Corruption and the EFCC
The Nigerian president, Olusegun Obasanjo, appointed him to the chairmanship of the EFCC in 2003 and reappointed him in 2007, as well as promoting him to the position of Assistant Inspector General of Police.
The promotion on 9 April 2007, three weeks before newly elected President Umaru Yar'Adua was sworn-in, was later challenged on the basis that it was "illegal, unconstitutional, null and void, and of no legal effect."
In December 2007, Mike Okiro, Inspector-General of Police, stated that Ribadu would be removed as EFCC chairman for a one-year training course.

Career in law enforcement
On 20 October 2006, Nuhu Ribadu told the BBC that over 380 billion dollars had been stolen or wasted by Nigerian governments since independence in 1960.
Under Ribadu's administration, the EFCC charged prominent bankers, former State governors, ministers, Senators, high-ranking political party members, commissioners of Police, and advance fee fraud ("419") gang operators.
The EFCC issued thousands of indictments and achieved about 270 convictions. One notable case was that of his boss, the then Inspector-General of the Nigerian Police Force, Mr Tafa Balogun, who was convicted, jailed and made to return £150 million under a plea bargain.

Ribadu's achievements in the EFCC included the de-listing of Nigeria from the FATF List of Non-Cooperative Countries & Territories, admission into the prestigious Egmont Group and the withdrawal of the US Treasury FINCEN Advisory on Nigeria. They helped make the EFCC the foremost Anti-Corruption Enforcement Agency on the continent, cementing Ribadu's reputation in the world as a respected anti-corruption crusader.

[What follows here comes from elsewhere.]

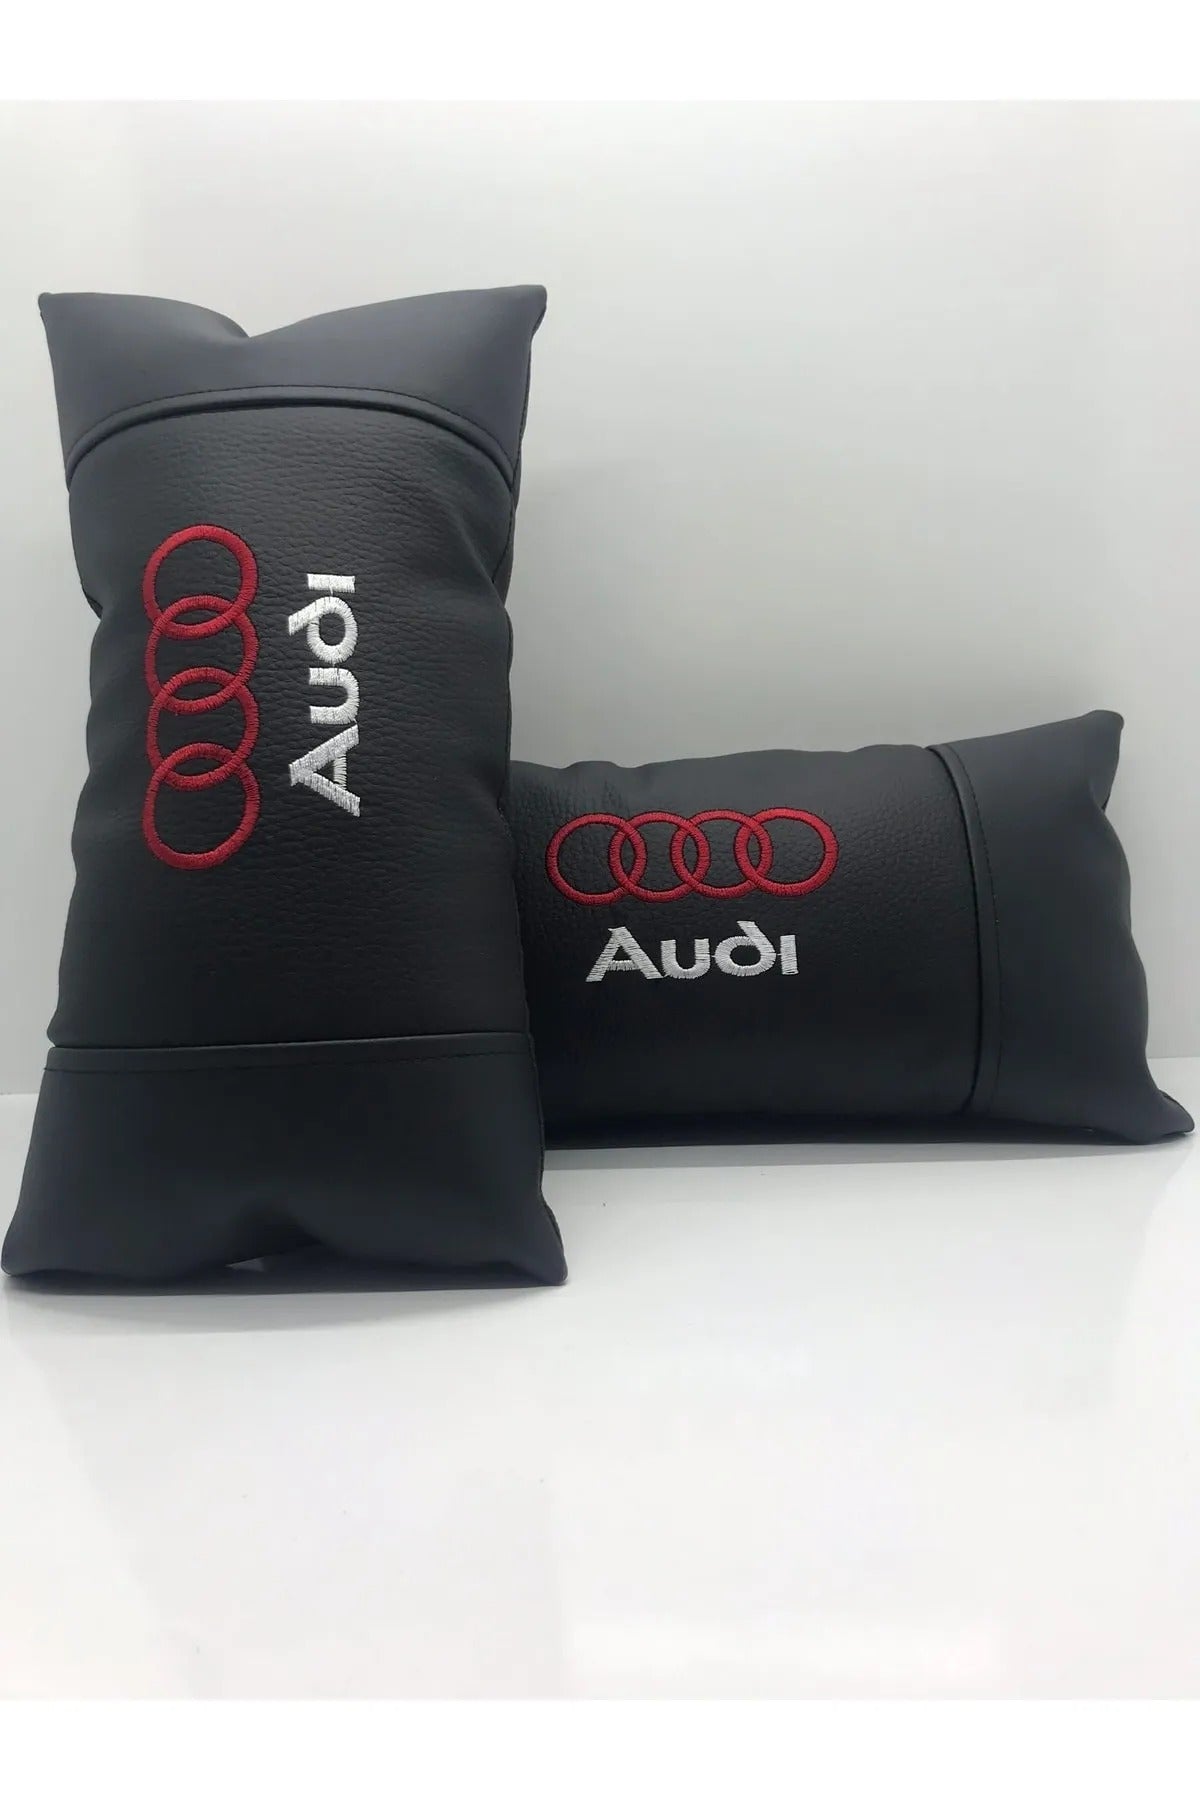 Audi Compatible Car Auto Neck Pillow 2 Pcs Luxury Leather Audi Car Pillow Car Pillow For ALL Audi Vehicle

Nuhu Ribadu's evidence helped prosecute foreign businesses who offered bribes while doing business in Nigeria.
Ribadu has however been accused of double standard and insincerity in his war against corruption. Many observed that Ribadu went after perceived enemies of his boss, Obasanjo, while shielding the friends of the former president. Notable among his critics is radical Lagos lawyer, Fetus Keyamo who described the withdrawal of charges against Ribadu as totally wrong, very insensitive, entirely unwise and ill-advised. So far, none of the accusations of corruption have been substantiated.  Several newspapers that have led in the criticism of Ribadu are owned by individuals who were facing corruption charges. 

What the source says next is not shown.